Nel 1800 è una metodologia da tavolino, si usano dei questionari che vengono sottoposti dai missionari alle popolazioni che si vogliono studiare.
1920: viene fondata la ricerca etnografica, che è la metodologia dell’antropologia, costituita da:
- Ricerca quantitativa, la persona che va sul terreno deve prendere informazioni sulla zona, sulla popolazione che andrà a studiare leggendo la bibliografia presente fino ad allora su quel argomento.
- Ricerca qualitativa, creare dei focus group, interviste strutturate o semistrutturate, osservazione partecipante, calarsi dentro alla società che si sta studiando, che permette di entrare in profondità nel terreno di ricerca.
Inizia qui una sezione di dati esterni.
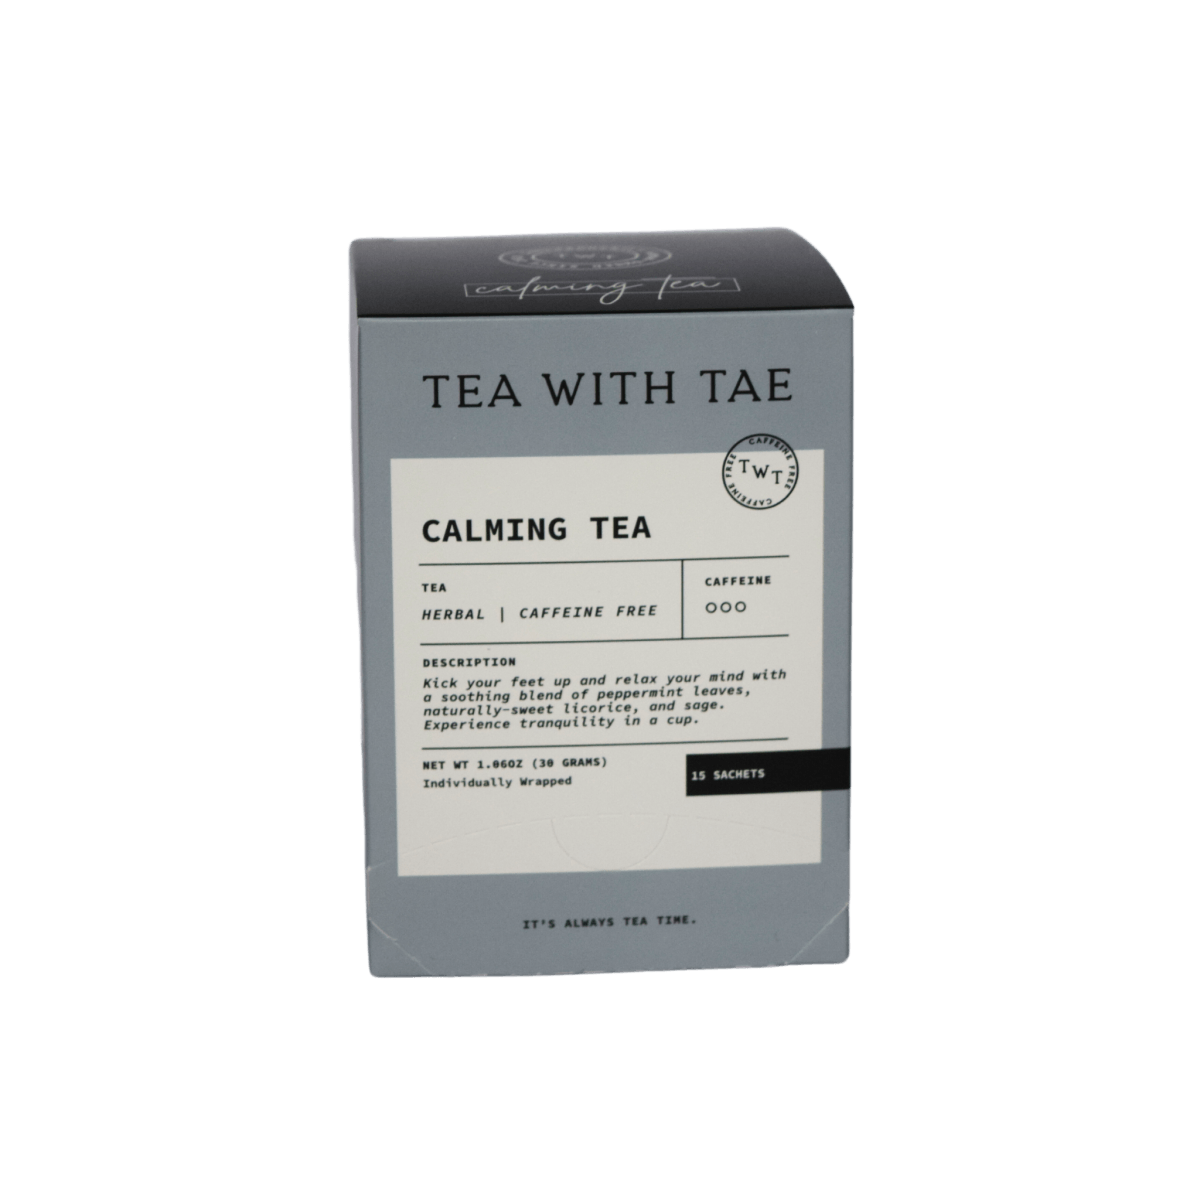 Calming Tea 15-ct. Tea Box - Tea with Tae
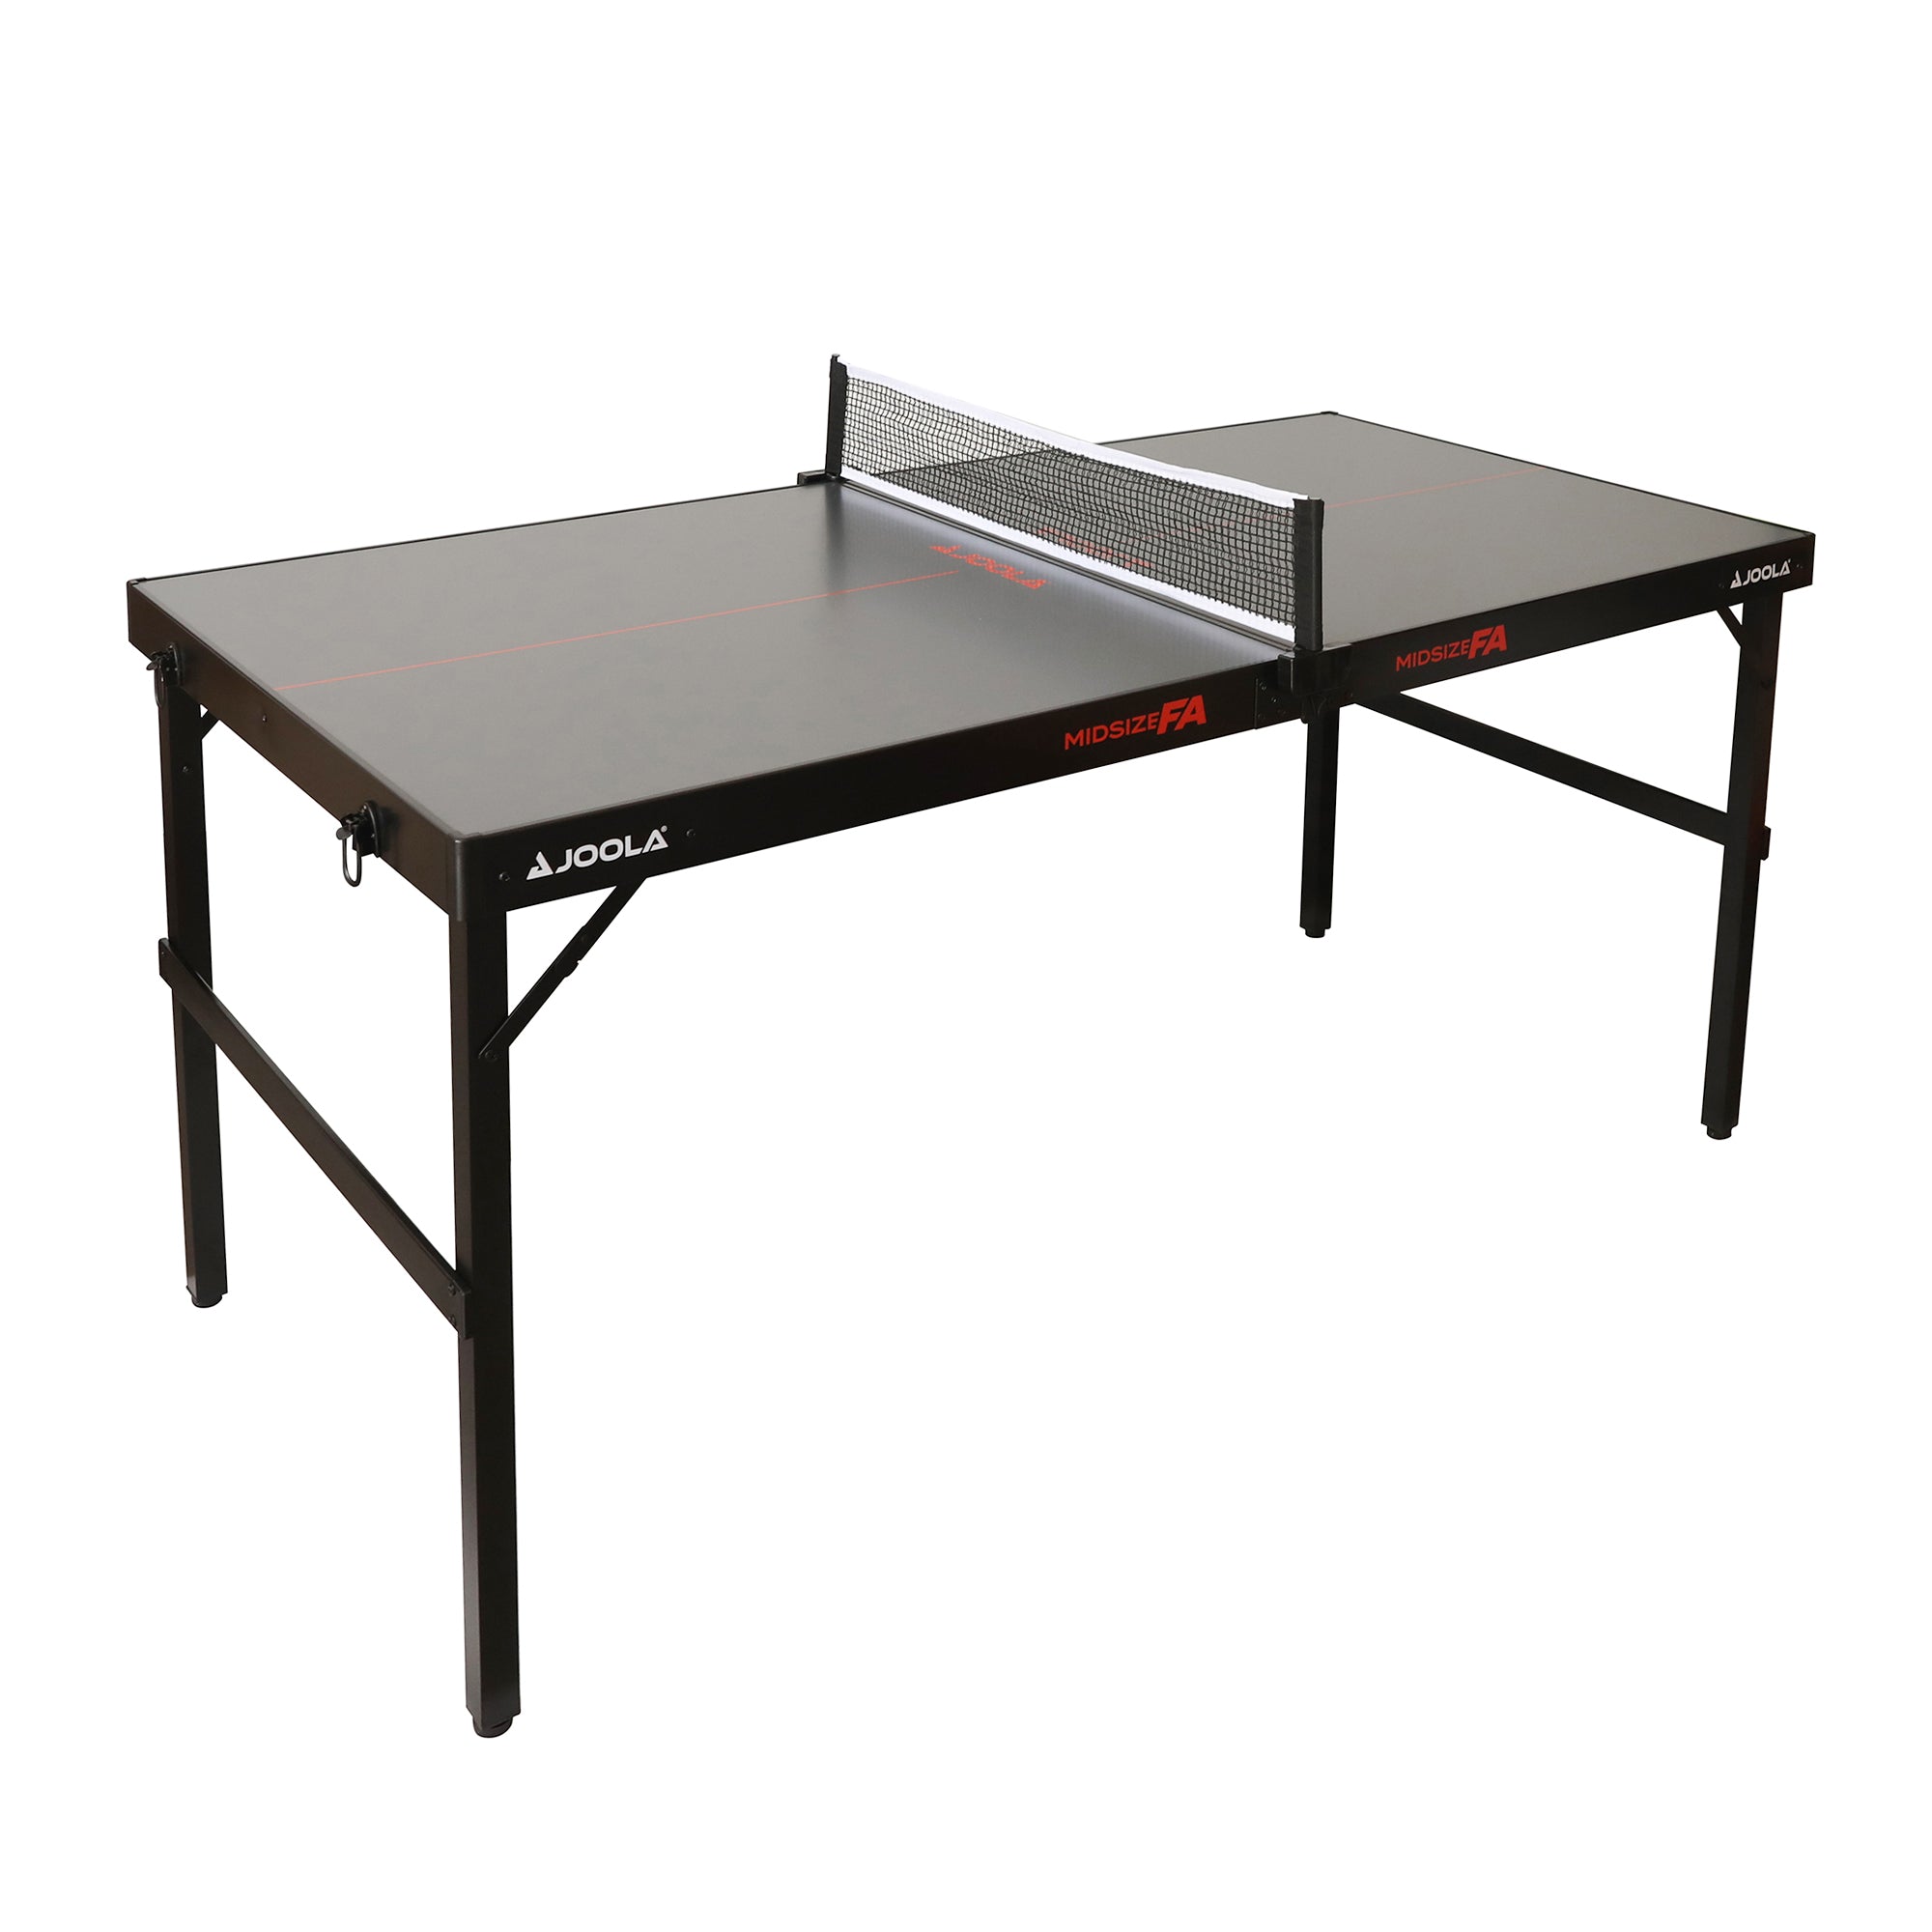 Table de ping-pong 273x153x76cm – Orca

- Resoconto etnografico, il primo fu realizzato da Malinowski.
Boas, spiega come andavano a pesca di salmoni gli eschimesi e si traveste da pescatore, per far capire ai suoi studenti che cosa avvenisse: esempio di osservazione partecipante.
Oggetto di studio dell’antropologia medica
Studia le specificità culturali che ci permettono di definire il corpo vs la corporeità. Le specificità culturali che definiscono il binomio sofferenza/dolore, cura/malattia, salute/malattia, corpo/corporeità e benessere/guarigione.
Studia le esperienze della salute e della malattia nelle diverse società umane. Studia gli aspetti sociali, culturali ed economici della malattia e della cura. Studia il ruolo dei terapeuti, sciamani, guaritori tradizionali, che hanno stessa validità degli psicologi, dei pazienti e degli operatori sanitari e le loro relazioni e ruoli.
Precursori dell’antropologia medica:
- William Rivers, ha visto fin dal 1924 il rapporto tra medicina, magia e religione in alcune popolazioni.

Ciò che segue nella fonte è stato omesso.